In general I agree that for most they might find the Rokh to be a more comfortable easier ride. It is definitely a very stable platform. I love mine and it provides a great solid ride. It climbs well and really shines descending. Very stable. I have rode it on multi day 100+ mile rides all over CO with no complaints. I will say this though. Not to take away from the Rokh and I'm sure it's just my mood of a given day but there have been times when I think the "relaxed" position drives me nuts and I wish I was in the more aggressive position of the Dogma.

OP I have no experience with Look so I cannot say if you would be happy on a Rokh. Maybe there is a lbs close that carries Pinarello and you can ride a Rokh for a weekend and see what you think.

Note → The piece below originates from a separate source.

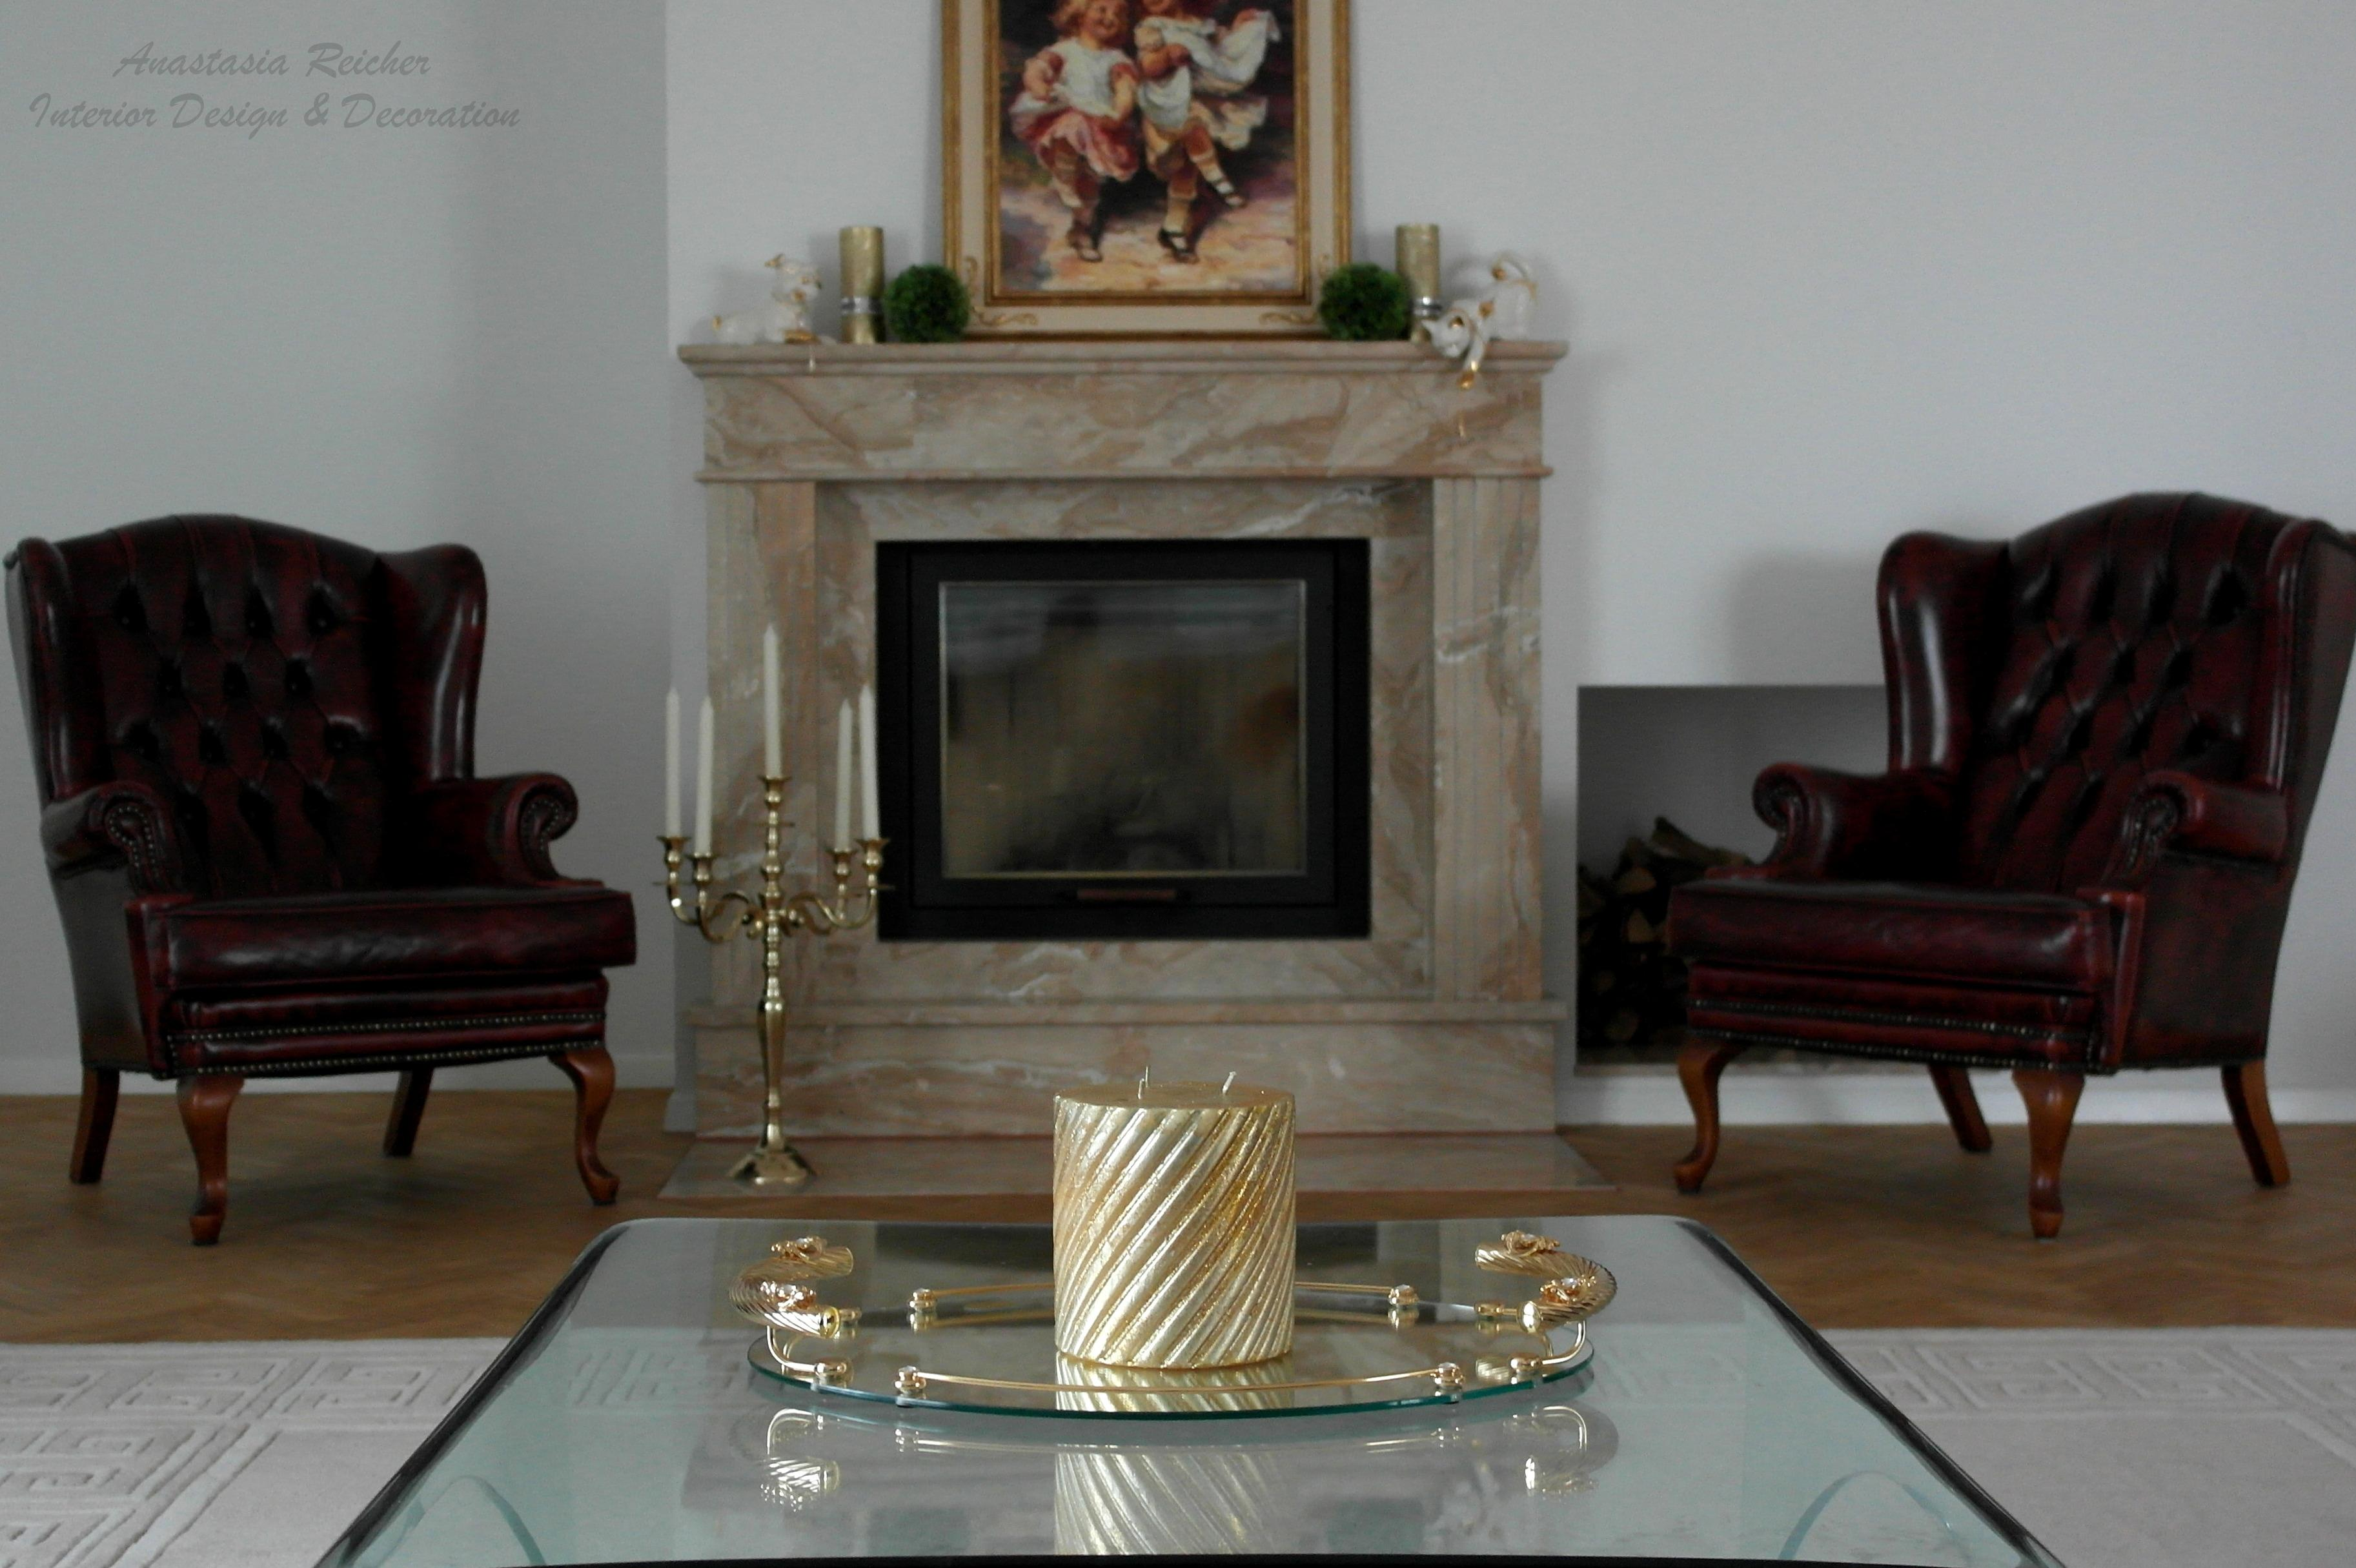 Wohnzimmer Mit Kamin Wohnzimmerkamin CAnastasia Reicher Interior Design Decoration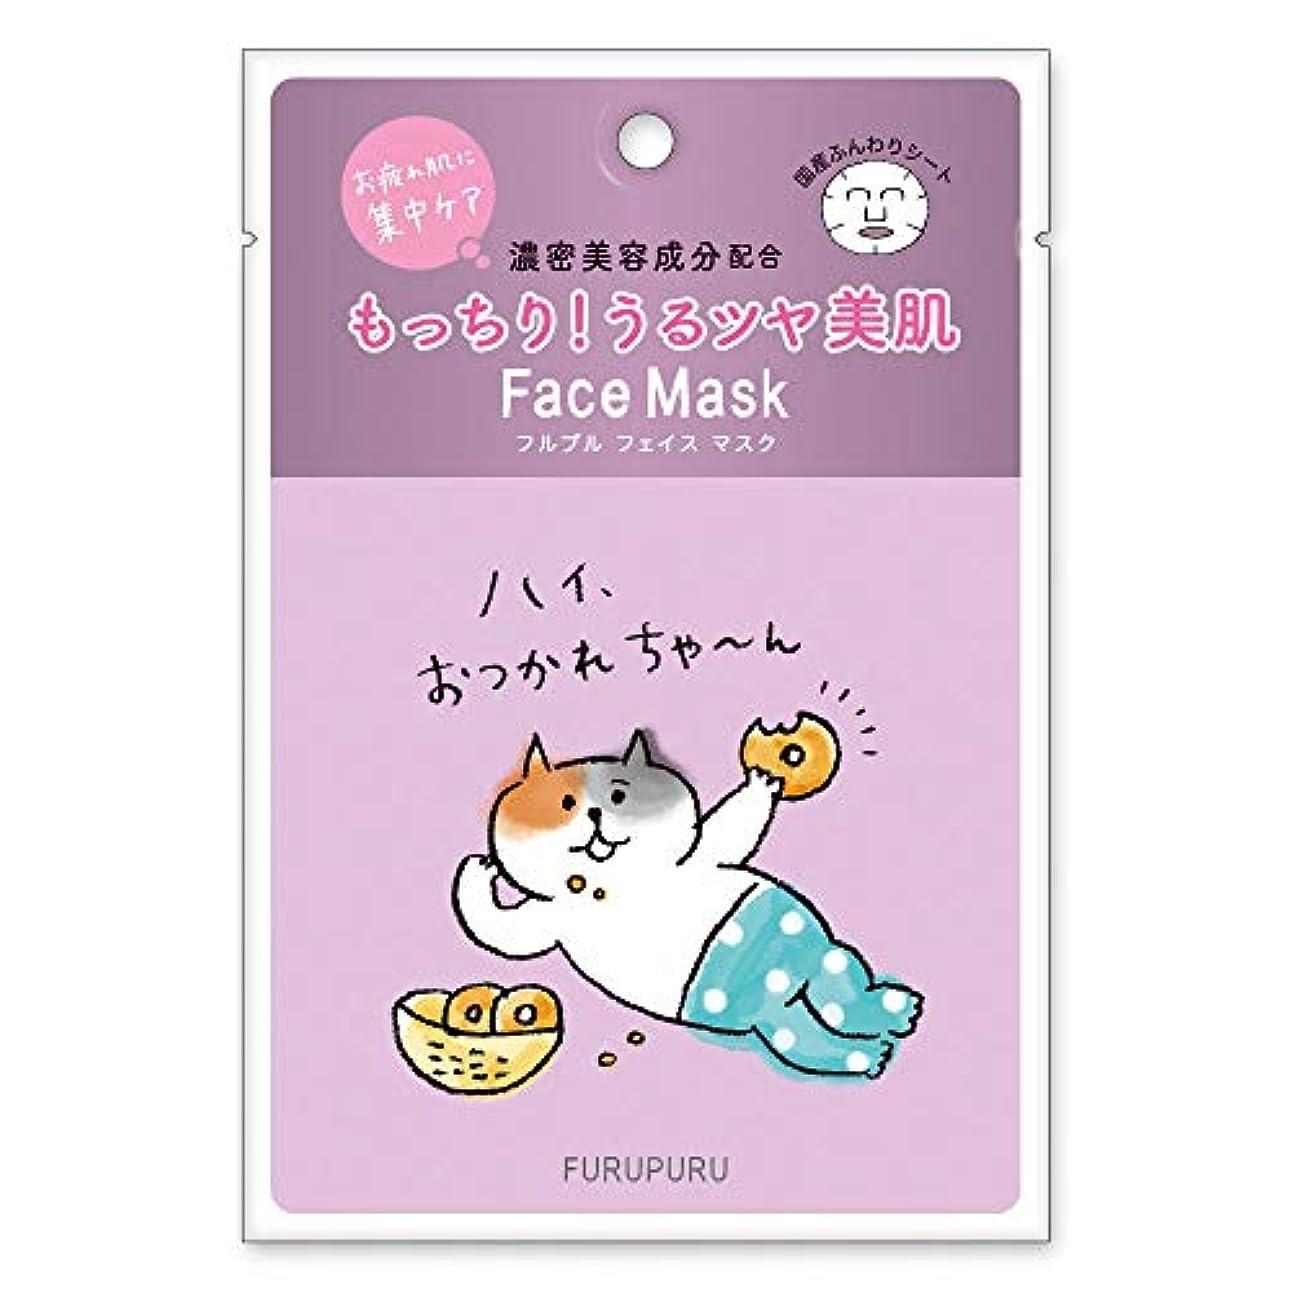 自発帰する雄大なフルプルクリーム フルプルフェイスマスク ごろごろにゃんすけ おつかれちゃん やさしく香る天然ローズの香り 30g

The Dogma K is 60HM1K. The head tube has already been covered.


----------



## Rashadabd (Sep 17, 2011)

Rokh On said:


> My Rokh weighs 16.25 and my Dogma weighs 14.4. Your mileage may vary depending on your components.
> 
> In general I agree that for most they might find the Rokh to be a more comfortable easier ride. It is definitely a very stable platform. I love mine and it provides a great solid ride. It climbs well and really shines descending. Very stable. I have rode it on multi day 100+ mile rides all over CO with no complaints. I will say this though. Not to take away from the Rokh and I'm sure it's just my mood of a given day but there have been times when I think the "relaxed" position drives me nuts and I wish I was in the more aggressive position of the Dogma.
> 
> ...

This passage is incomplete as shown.